The primary high-quality source remains HuggingFaceTB/smol-smoltalk filtered to English single-turn examples, with local anchors preserved to keep deterministic behavior.
Evaluation
Base metrics:
- moving-tail val during training
- fixed eval data v1 at
seq1024 - xtrain fixed prompt samples from
scripts/chat_alpha_fixed_prompts.txt - xserv exported-model smoke
Chat metrics:
- fixed prompt answers for SFT explanation, SFT data provenance, arithmetic, refusal, repetition-debug checklist, summary, and simple code generation
- compare against
v11-chat-alpha-sft-v2-anchor - reject models that lower SFT validation loss but hallucinate more in fixed prompts
Artifacts
Expected paths:
/dashscope-tmp/wjh/xtrain_v12/
/dashscope-tmp/wjh/xtrain_v12/xtrain_v12_pilot.ckpt
/dashscope-tmp/wjh/xtrain_v12/xtrain_v12.ckpt
/opt/wjh/projects/tiny-models/v12-fineweb-edu-1b-longctx
Results
Gate 0/1: smoke + pilot
batch24/accum10smoke OOMed after step 0.batch16/accum15smoke passed 10 steps: train loss 11.2347 -> 7.9459, ~24.5K tok/s, ~29.4GB/GPU.- 300-step pilot passed: train loss 11.2296 -> 5.4832, val 6.5810 -> 5.9642 -> 5.5888, exit code 0.
- Pilot checkpoint reload matched final val: fixed eval data v1 at seq1024 = 5.5891.

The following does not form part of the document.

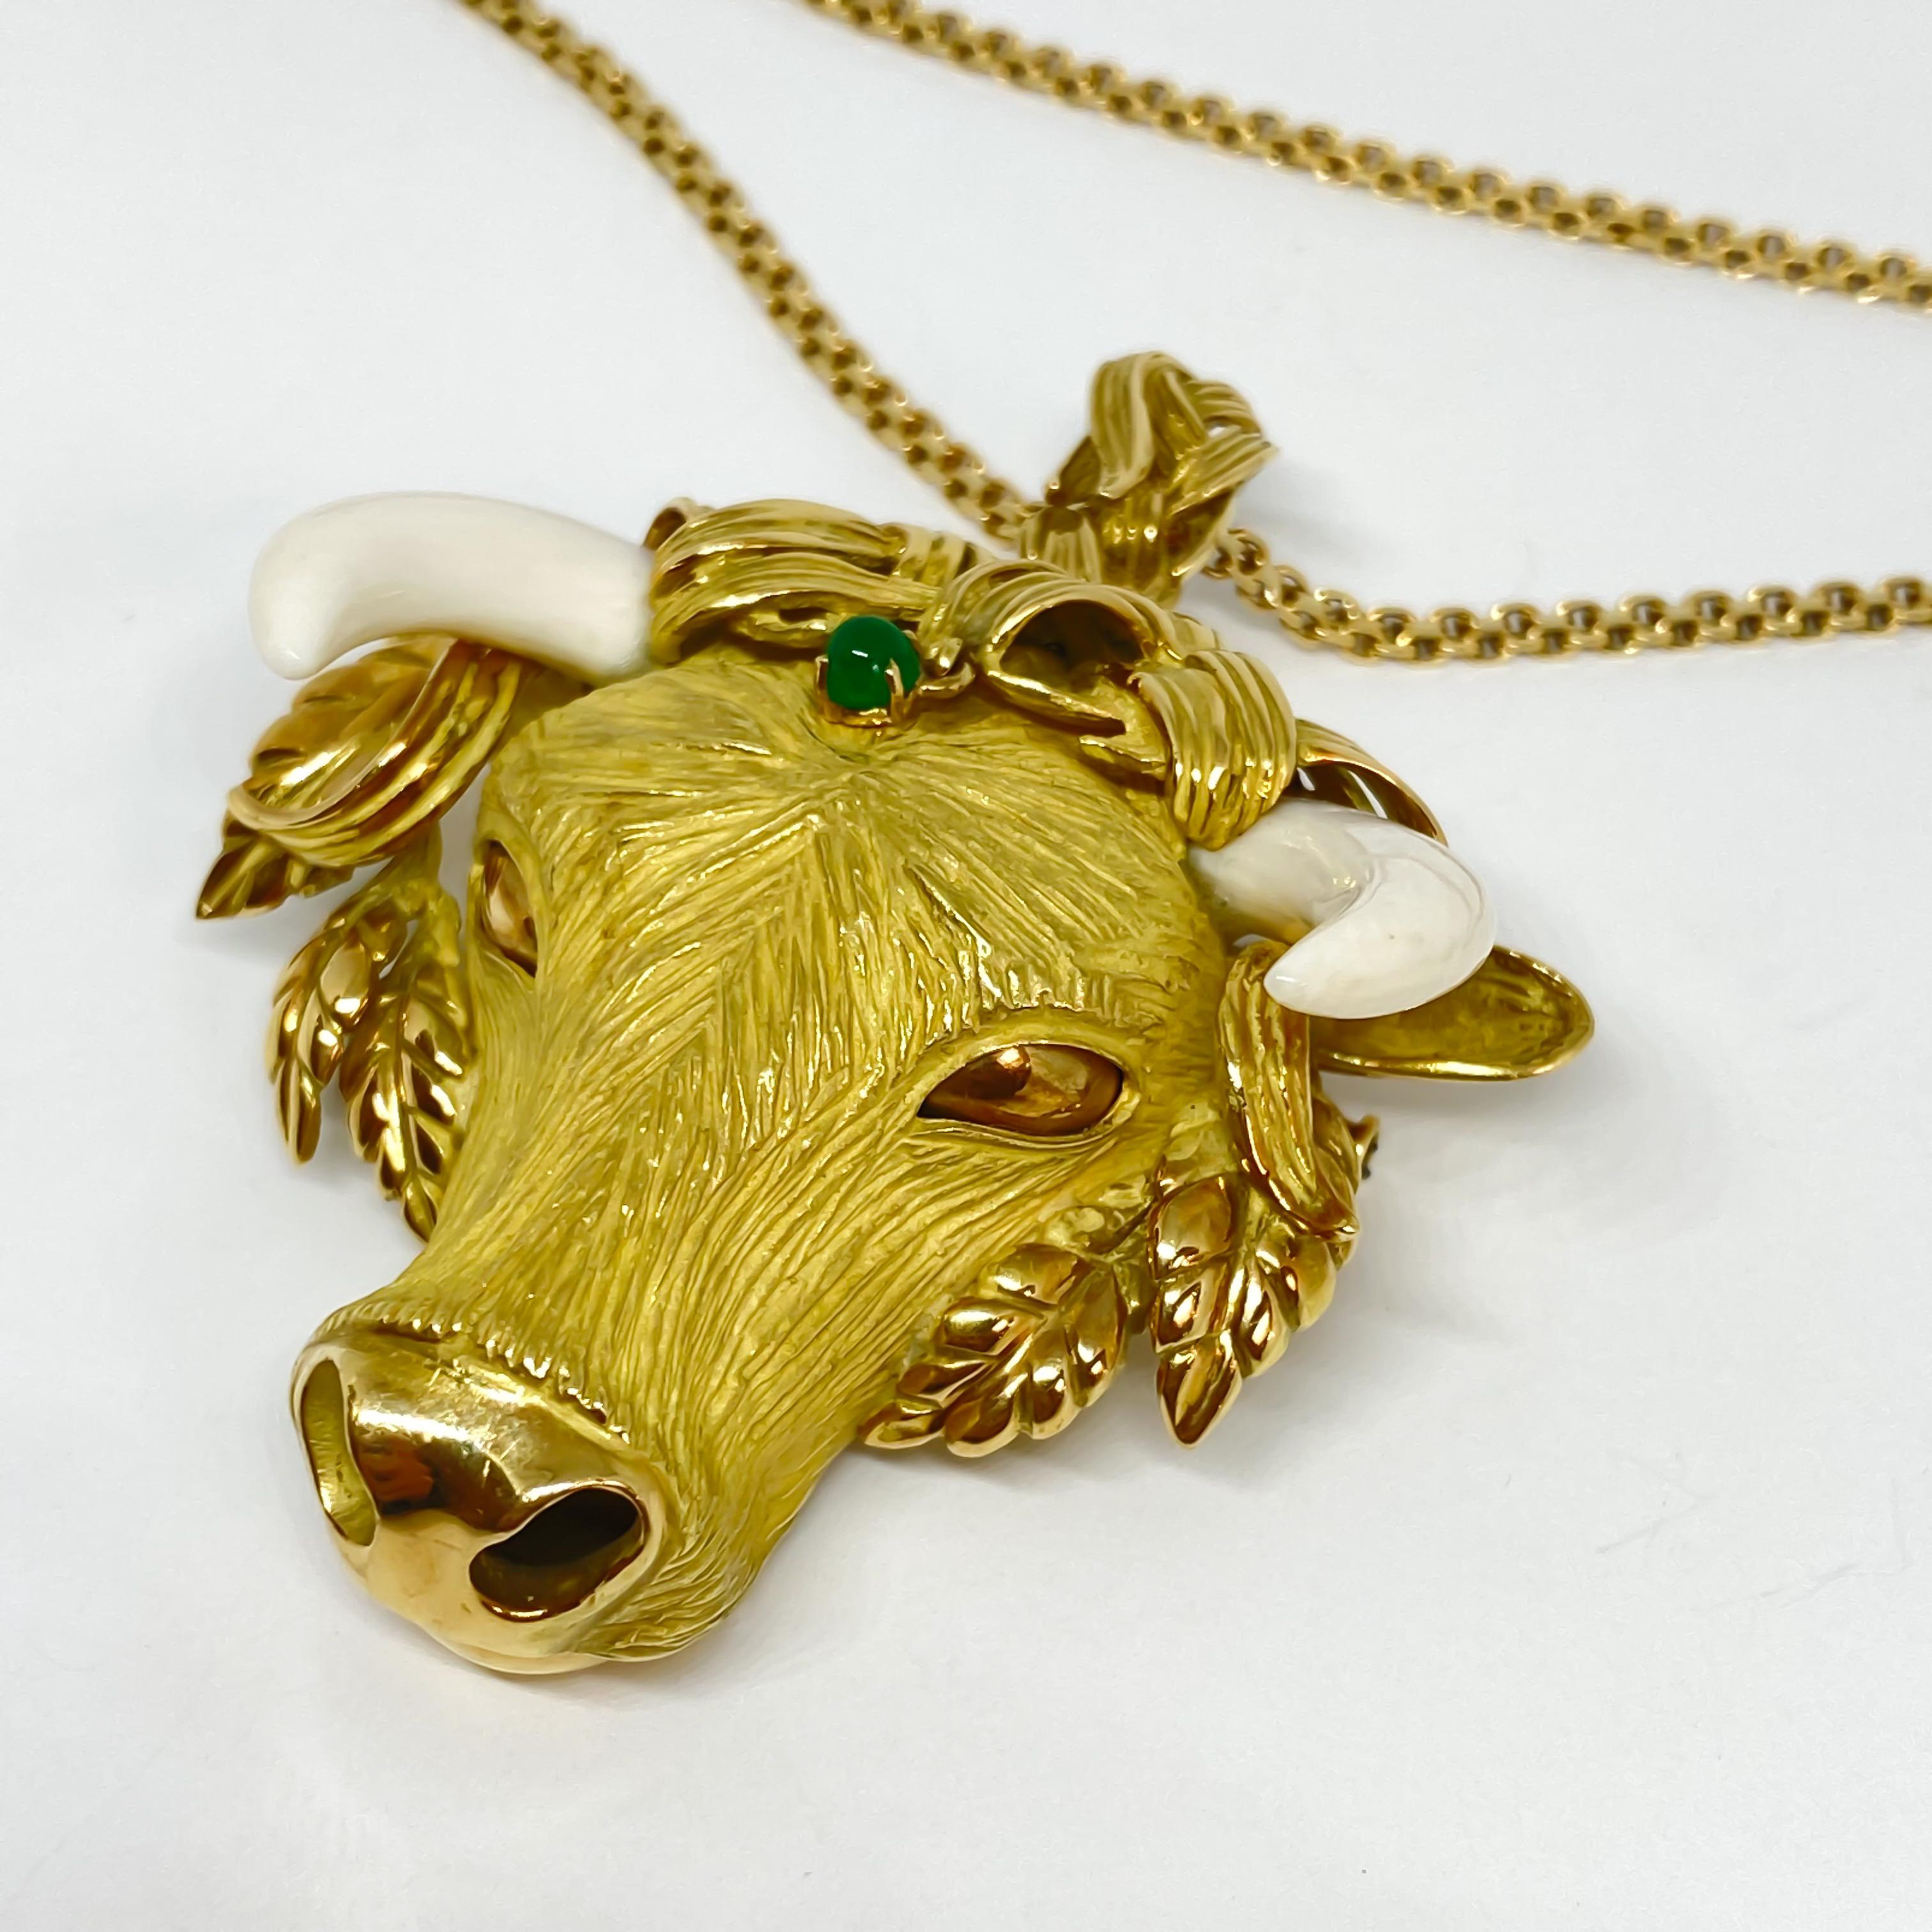 Very exquisite Bull pendant that converts into a brooch is designed in 18 karat yellow gold. The estate piece has natural ivory horns and emerald dangle from headdress. It is enhanced by beautiful polished leaves, polished nose and eyes. The head is

- Fixed chat prompts still repeat heavily, as expected for a 300-step base; use them as a regression baseline, not as chat quality.
Gate 2: full base
Full run completed on dash5:
| item | result |
|---|---|
| wall clock | 81h01m |
| throughput | ~24.55K tok/s |
| train loss | 11.2294 -> 2.6696 |
| moving-tail best val | 2.7411 |
| moving-tail final val | 2.7412 |
| fixed eval data v1, seq1024 reload | 2.7410 |
| exit code | 0 |
Validation milestones:
| step | 499 | 999 | 1499 | 1999 | 2499 | 21999 | 23999 | 25999 | 26999 | 27499 | final |
|---|---|---|---|---|---|---|---|---|---|---|---|
| val | 5.3029 | 4.4079 | 3.9287 | 3.6964 | 3.5555 | 2.7805 | 2.7637 | 2.7468 | 2.7443 | 2.7411 | 2.7412 |
Compared with v11's fixed eval data v1 at seq1024 (2.7467), v12 reaches 2.7410 after reload. This is a real but very small gain (~0.006 absolute), despite the parameter increase from 838.65M to 1.0506B total and the slower 24.55K tok/s throughput. The result says the larger 1B-class base is viable and marginally better, but this scale step did not produce a qualitative base-model jump.
Generation:
- Raw FineWeb-style prompts are better than the pilot checkpoint and can produce plausible explanatory prose.
- Greedy repetition remains visible, especially on story-like prompts.
- Chat prompts are not reliable without SFT: SFT data provenance is hallucinated, arithmetic still fails, and the model repeats template-like text.
- xserv loads the export correctly as true GQA:
layers=22, hidden=1664, heads=52/13 kv.
Exported model:
/opt/wjh/projects/tiny-models/v12-fineweb-edu-1b-longctx
Files:
config.jsonmodel.safetensors(2.0GB)tokenizer.jsonxtrain.ckpt(4.0GB)
Conclusion: v12 passes the base gate and is a better SFT starting point than v11 by metric, but the gain is narrow. The next step should be assistant-only chat SFT from v12 with conservative anchors first, then a small Smol-SmolTalk mix. Do not expect the base checkpoint itself to serve as a usable chat model.